__Task directions__
In your copy of the data, include no pictures and alter nothing else.
── Stored data
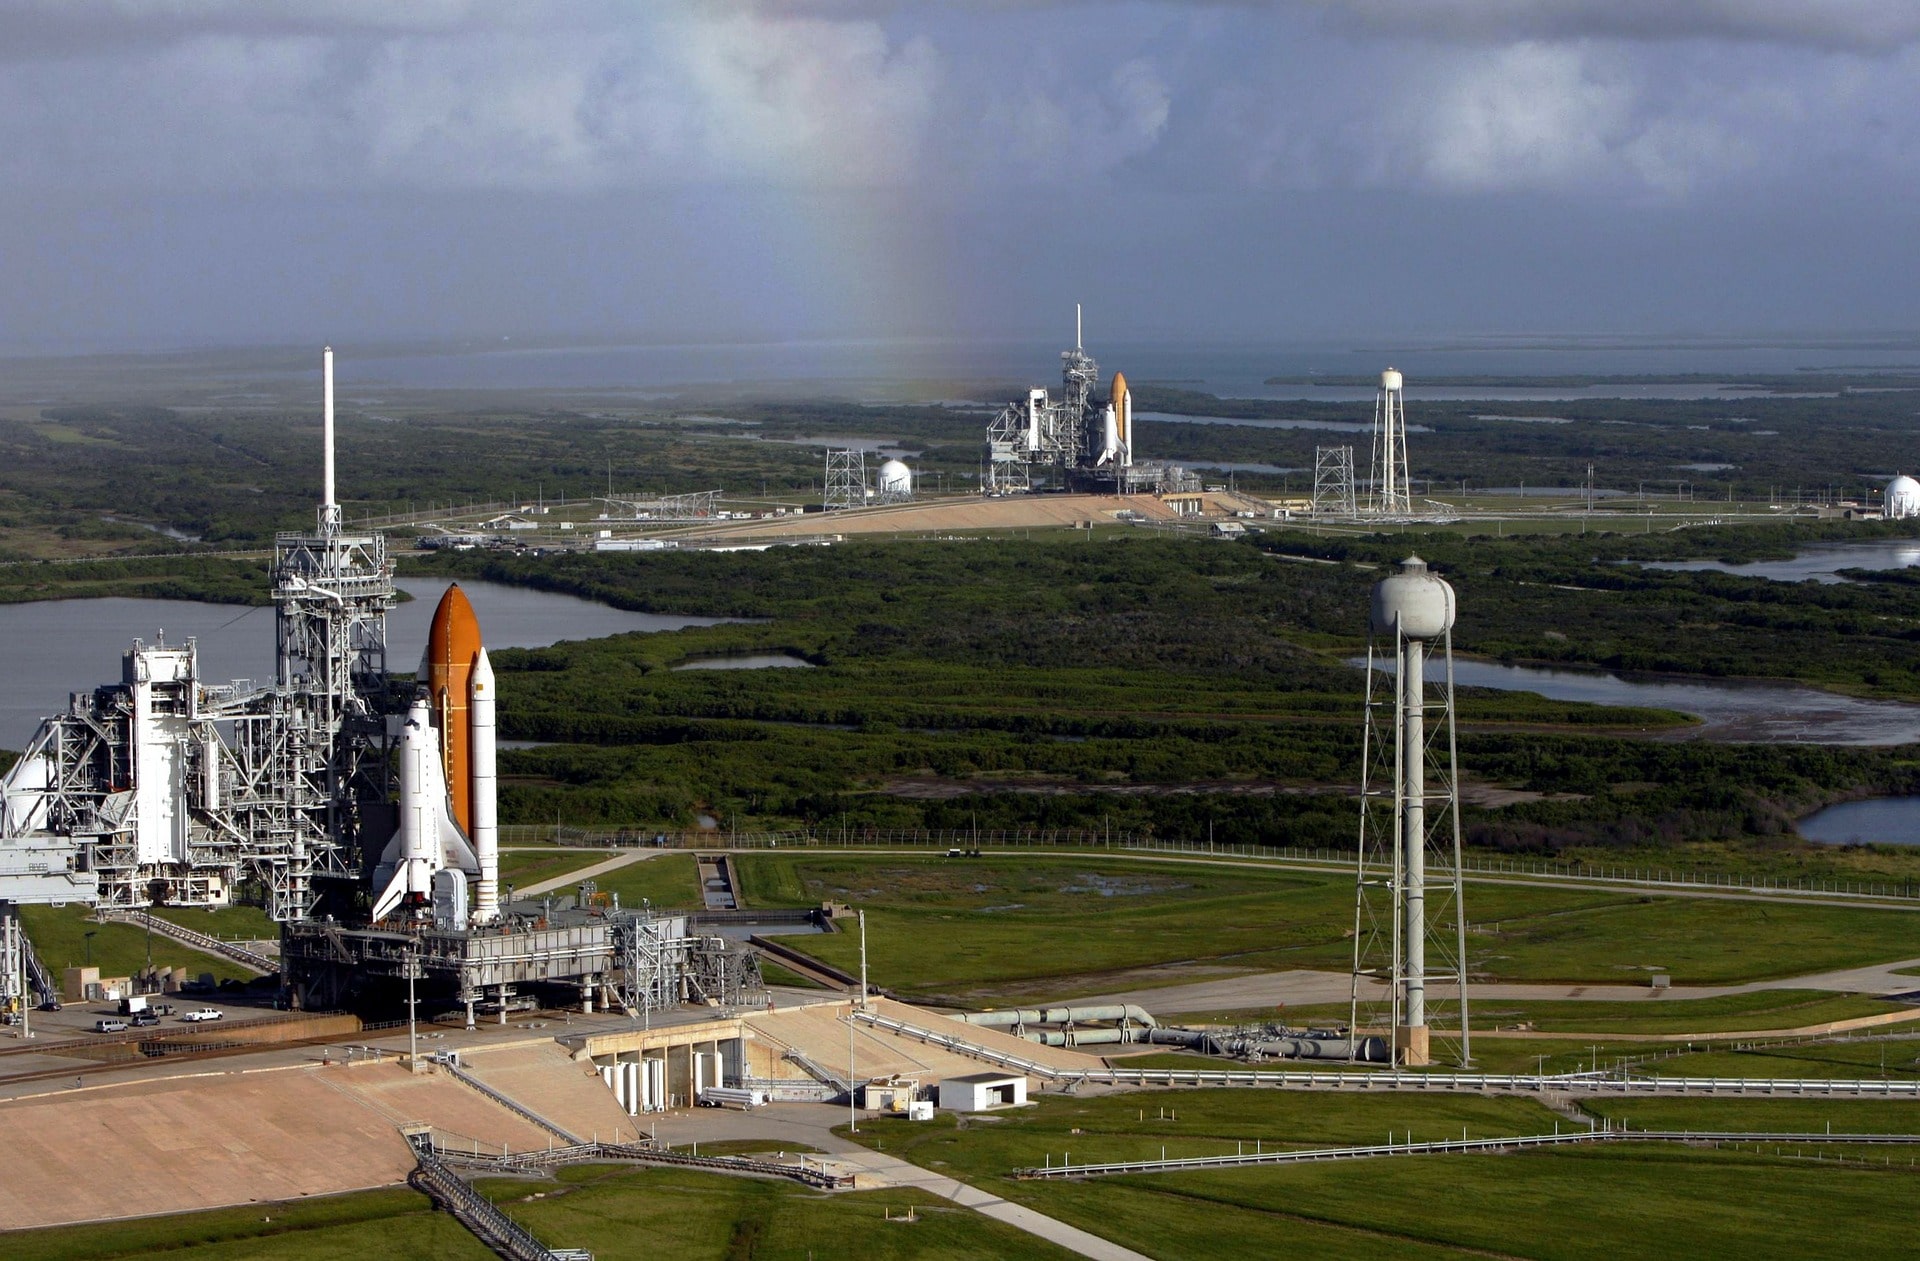 Visit Kennedy Space Center in Florida
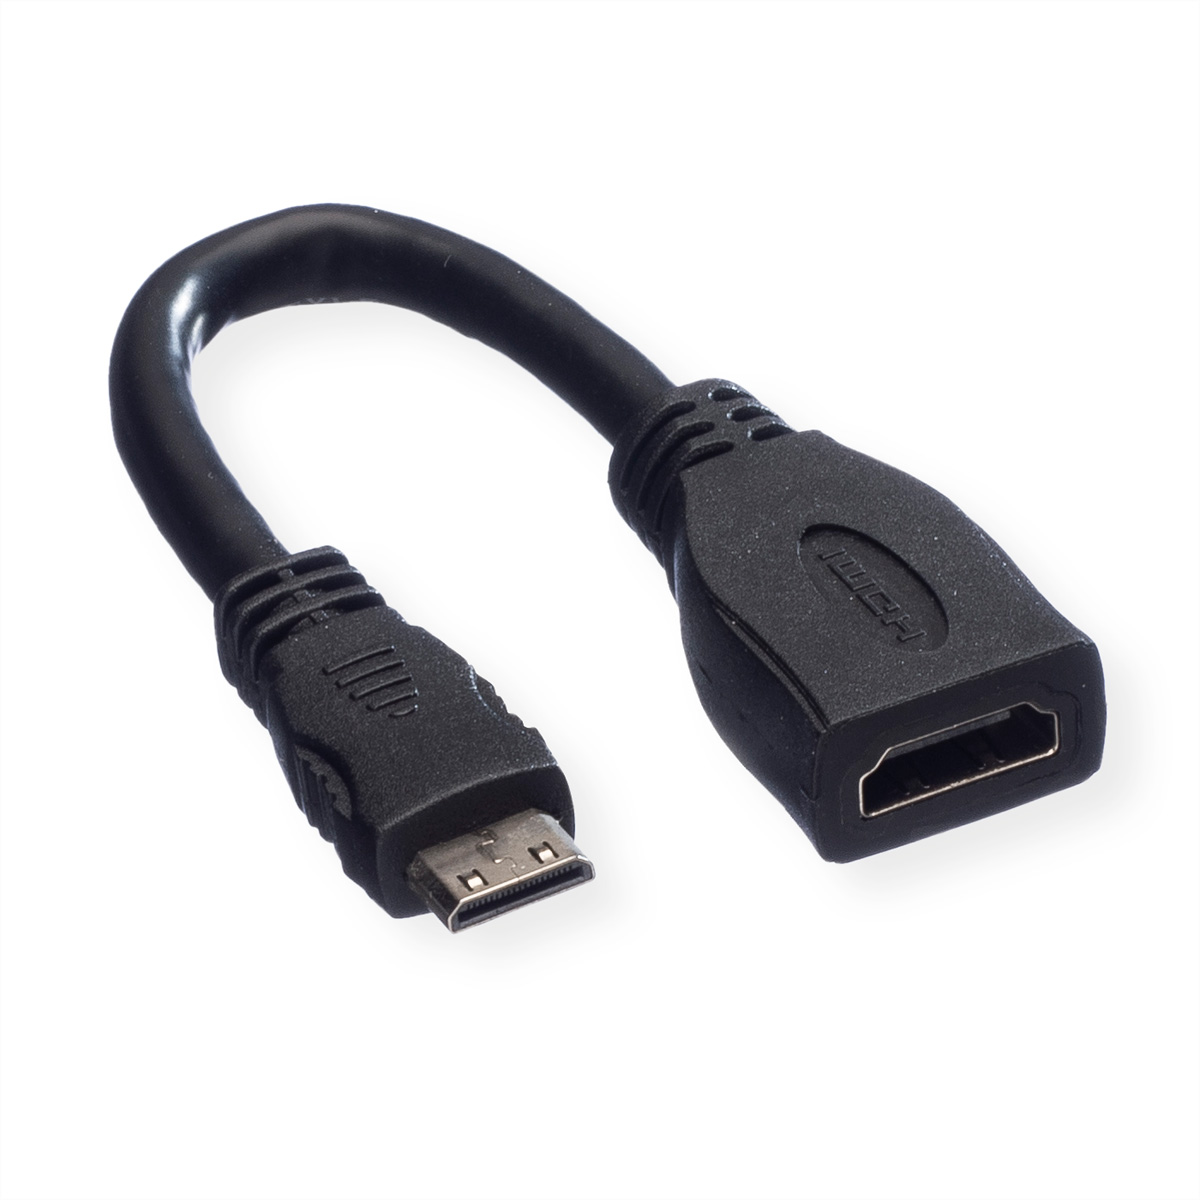 VALUE HDMI Ethernet HDMI with mit High Speed BU Kabel - High HDMI HDMI Kabel Ethernet, ST Mini Mini Speed
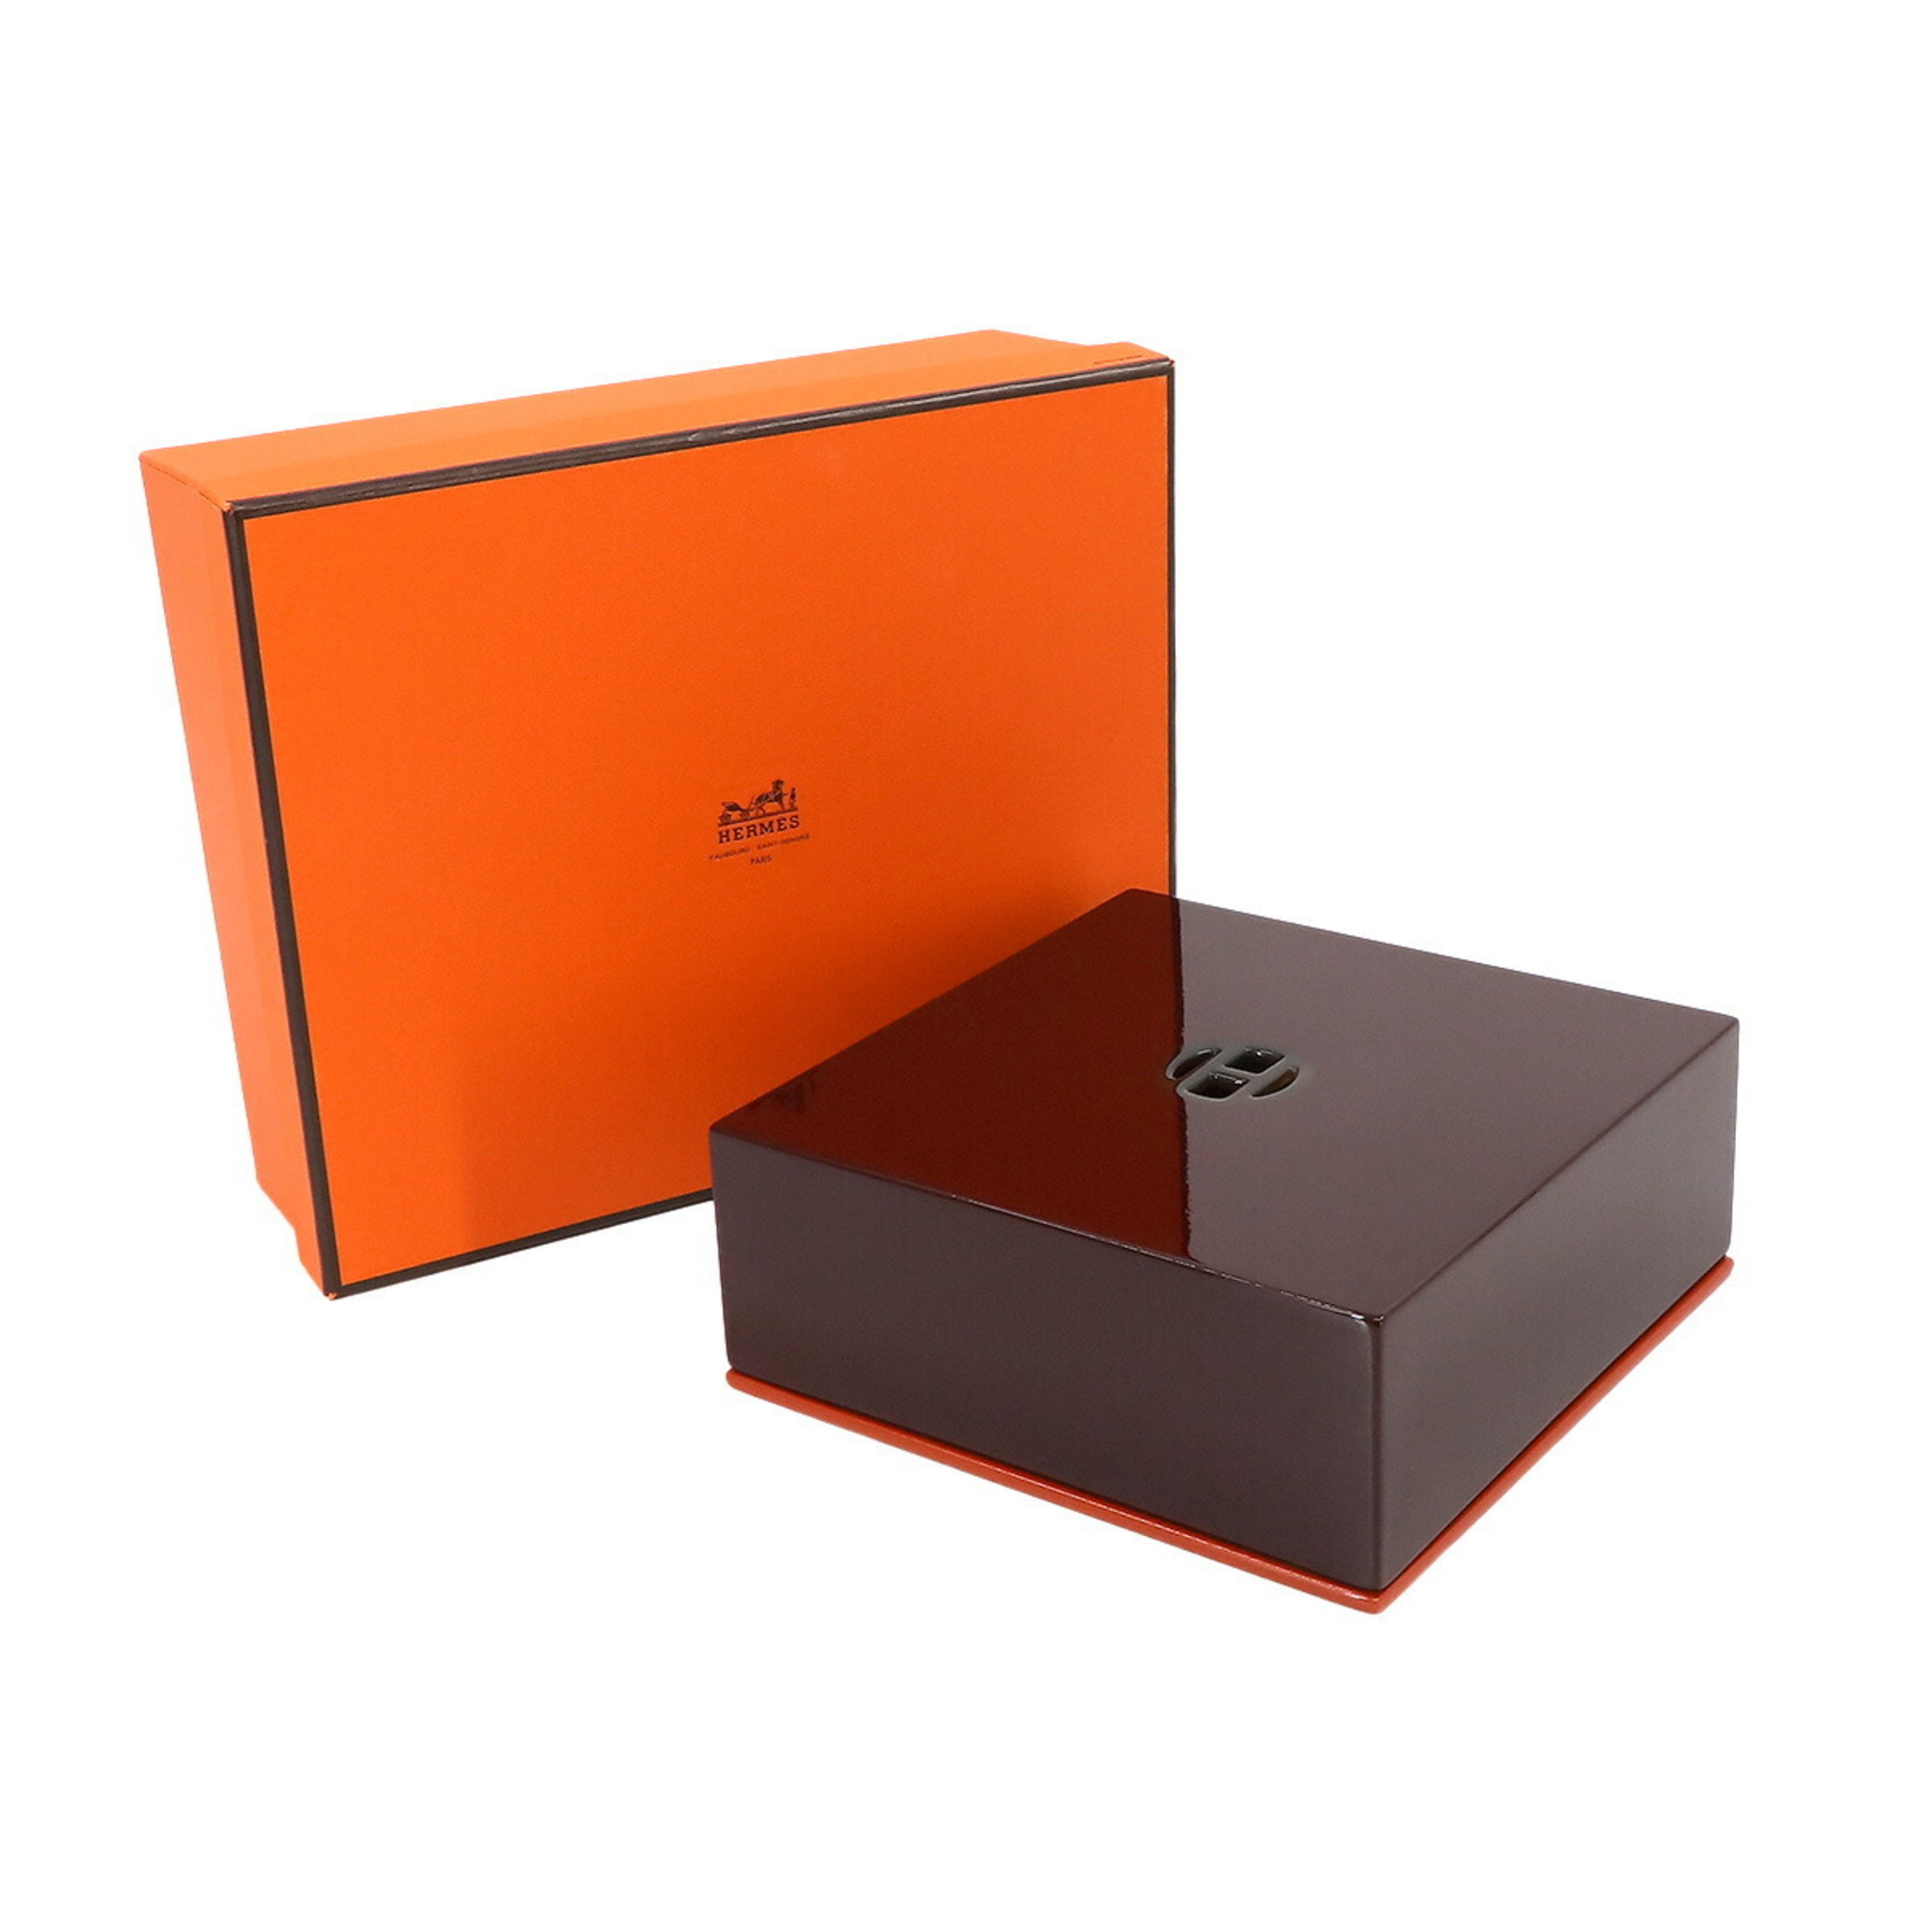 Hermes HERMES Box Accessory Case Lacquer Wood Buffalo Horn Brown Orange
────
__Task solution__
 Visit Kennedy Space Center in Florida
 VALUE HDMI Ethernet HDMI with mit High Speed BU Kabel - High HDMI HDMI Kabel Ethernet, ST Mini Mini Speed
 Hermes HERMES Box Accessory Case Lacquer Wood Buffalo Horn Brown Orange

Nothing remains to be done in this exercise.